(DATA EXTRACT begins)

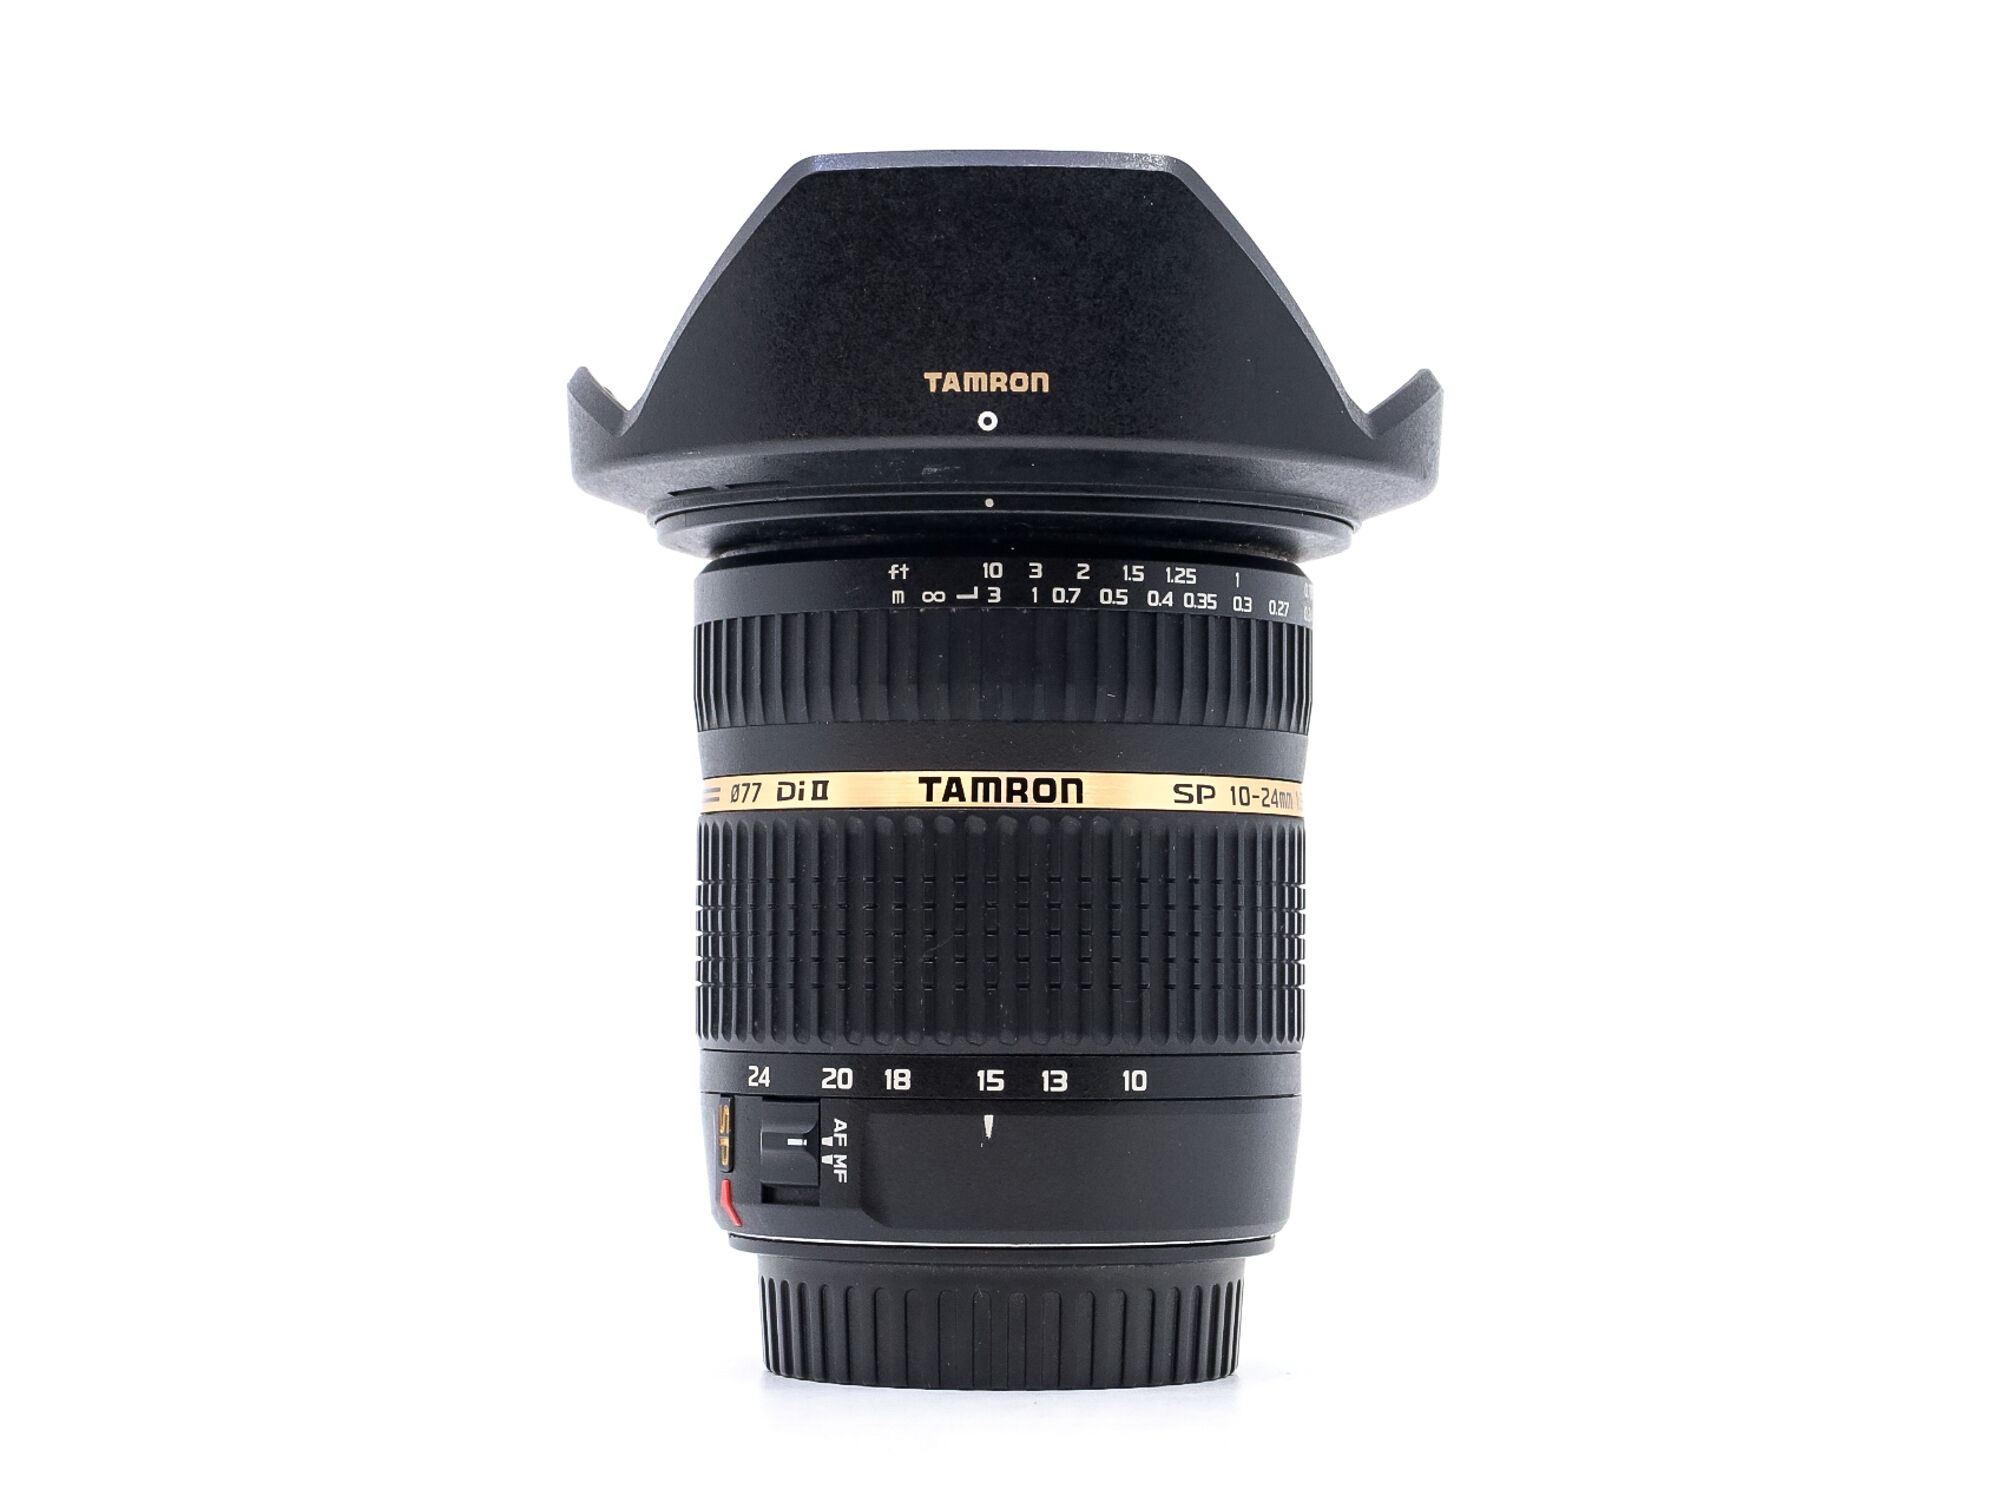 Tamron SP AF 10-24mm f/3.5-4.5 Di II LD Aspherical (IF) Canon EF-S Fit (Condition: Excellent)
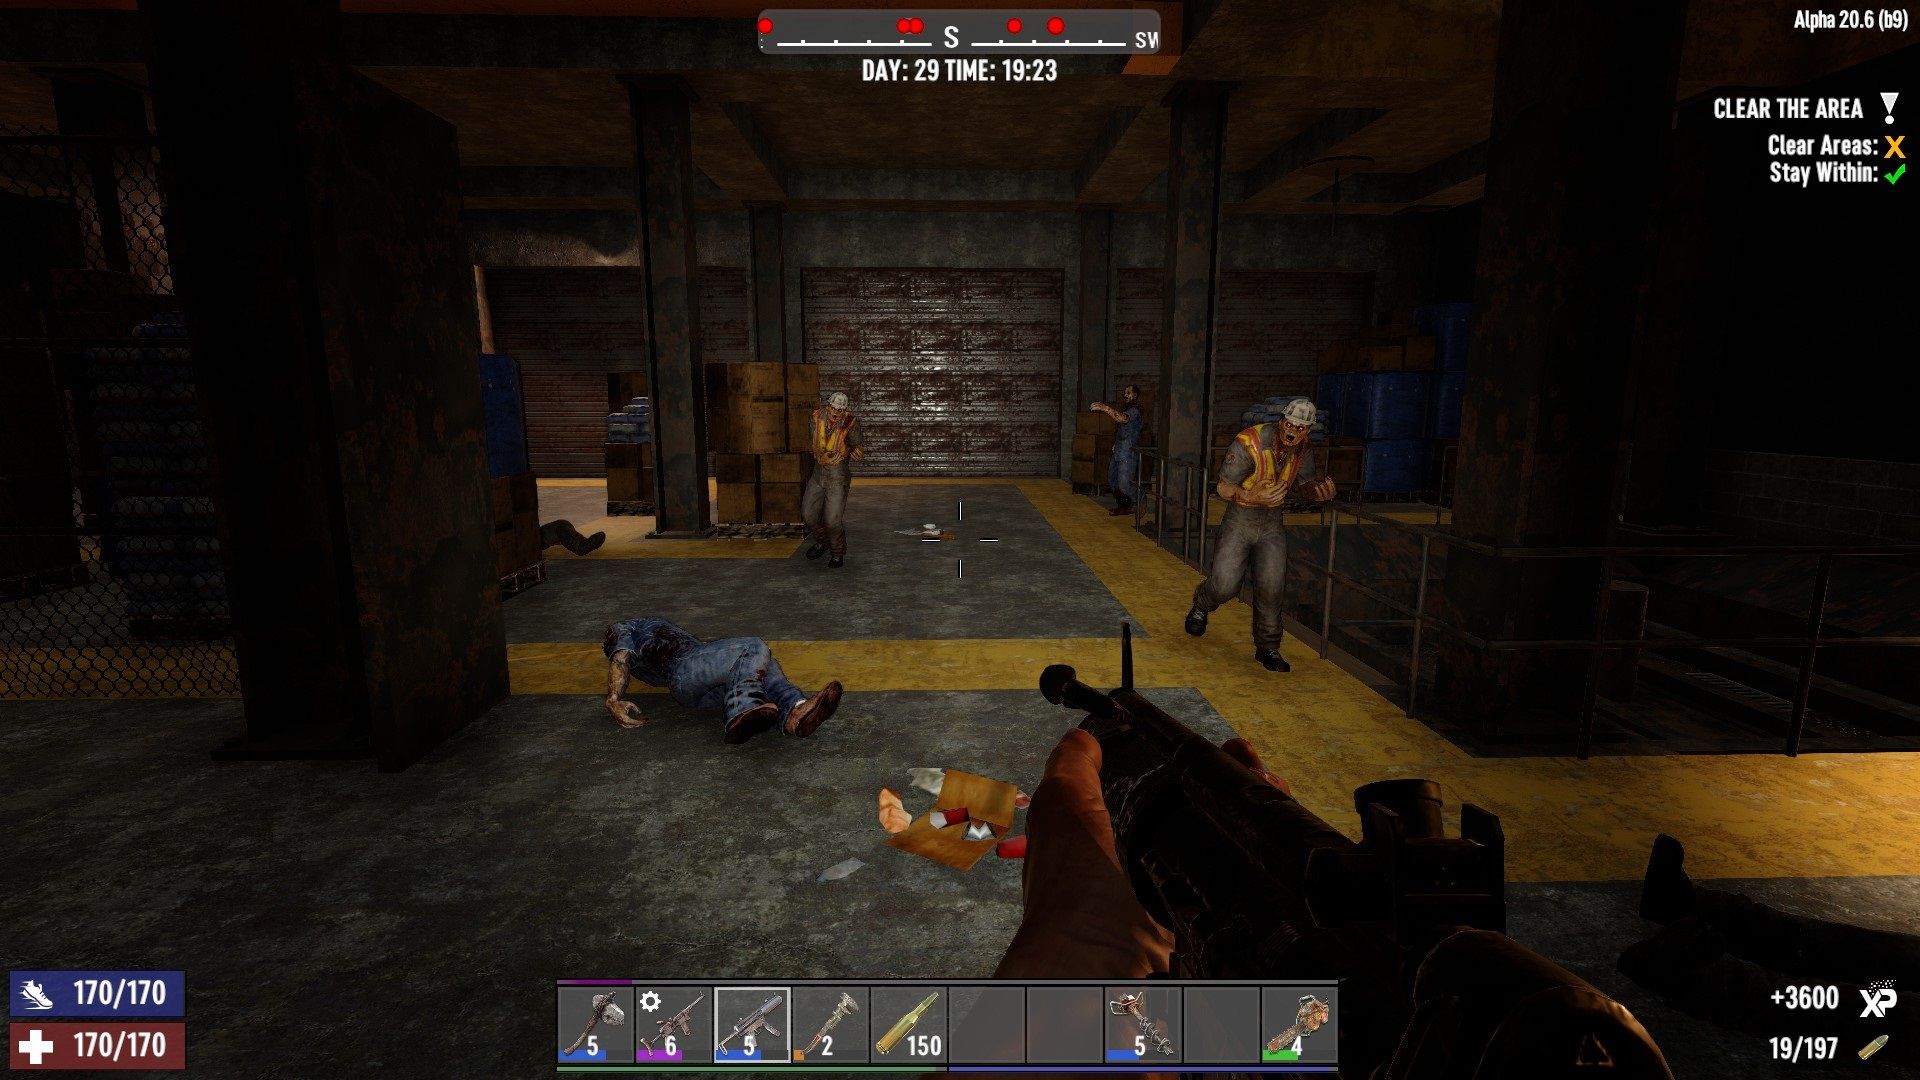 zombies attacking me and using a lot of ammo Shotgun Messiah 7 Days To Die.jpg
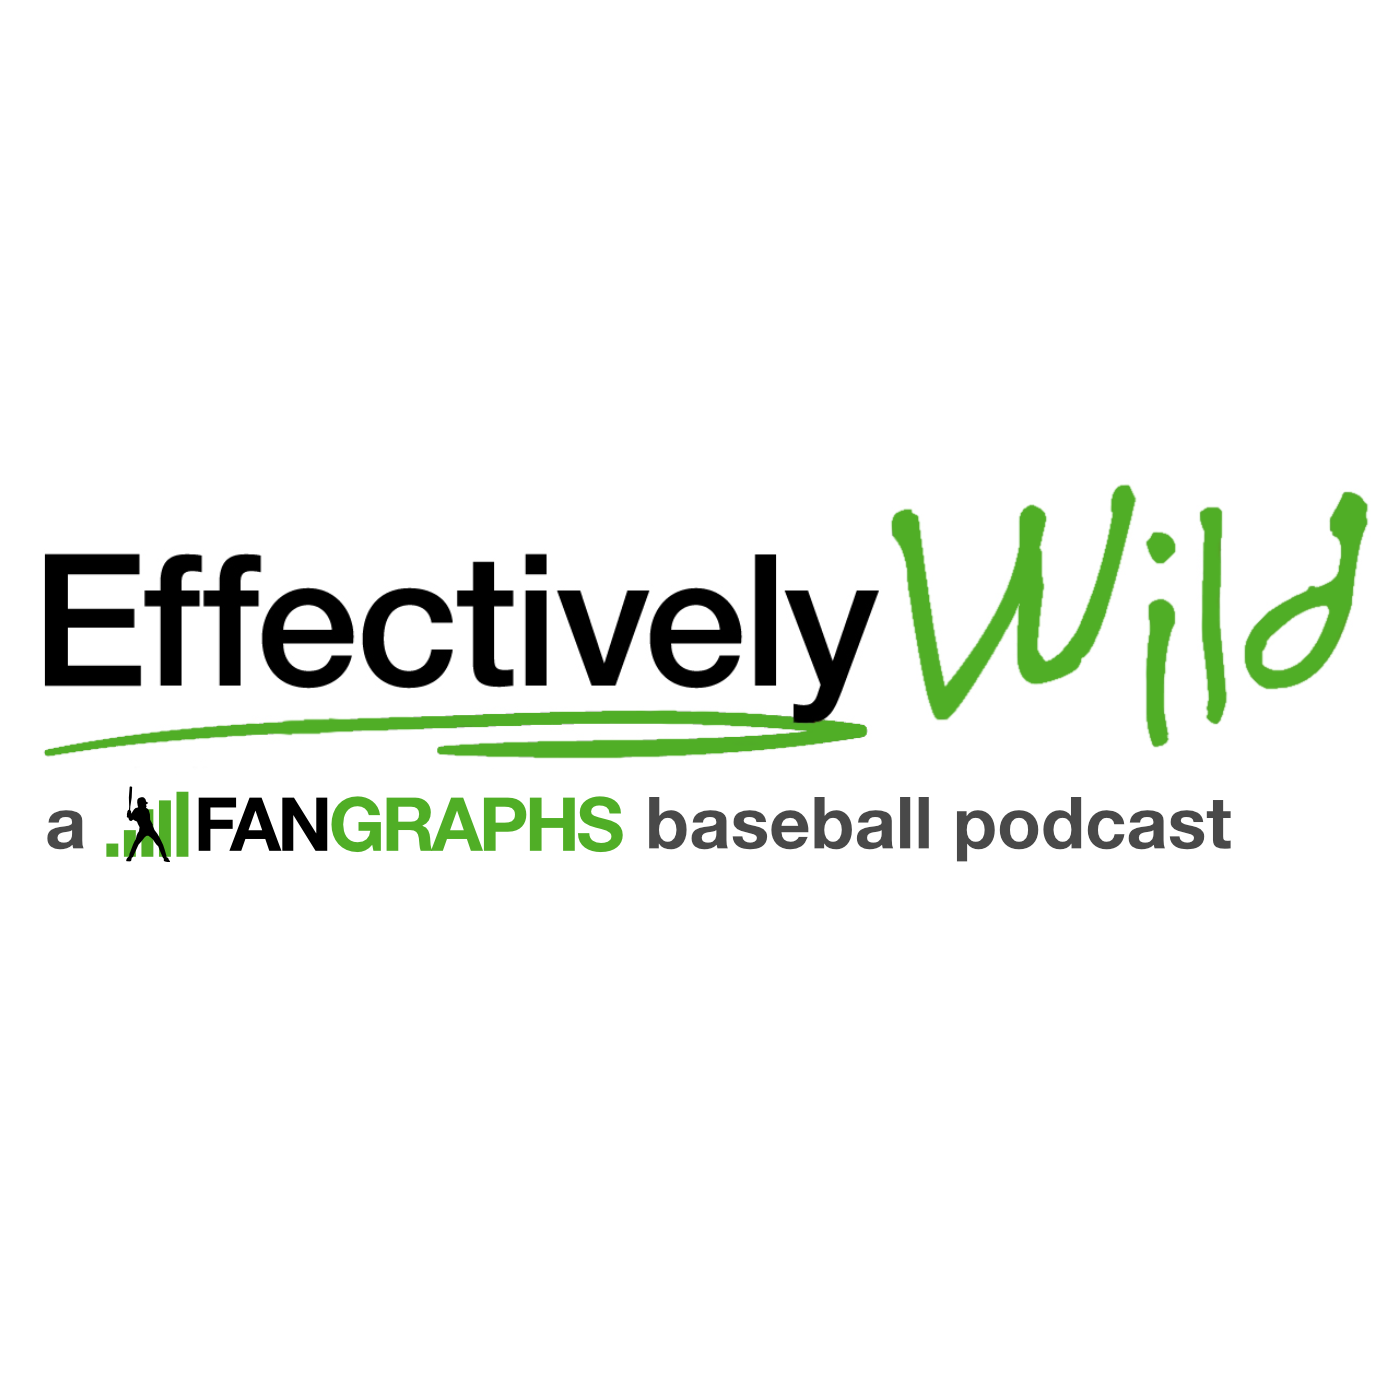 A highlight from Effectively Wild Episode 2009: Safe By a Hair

(DATA EXTRACT ends)

Reproduce the material word for word. Any pictures should be left out of the copy.

- [REPLY]:
 Tamron SP AF 10-24mm f/3.5-4.5 Di II LD Aspherical (IF) Canon EF-S Fit (Condition: Excellent)
 zombies attacking me and using a lot of ammo Shotgun Messiah 7 Days To Die.jpg
 A highlight from Effectively Wild Episode 2009: Safe By a Hair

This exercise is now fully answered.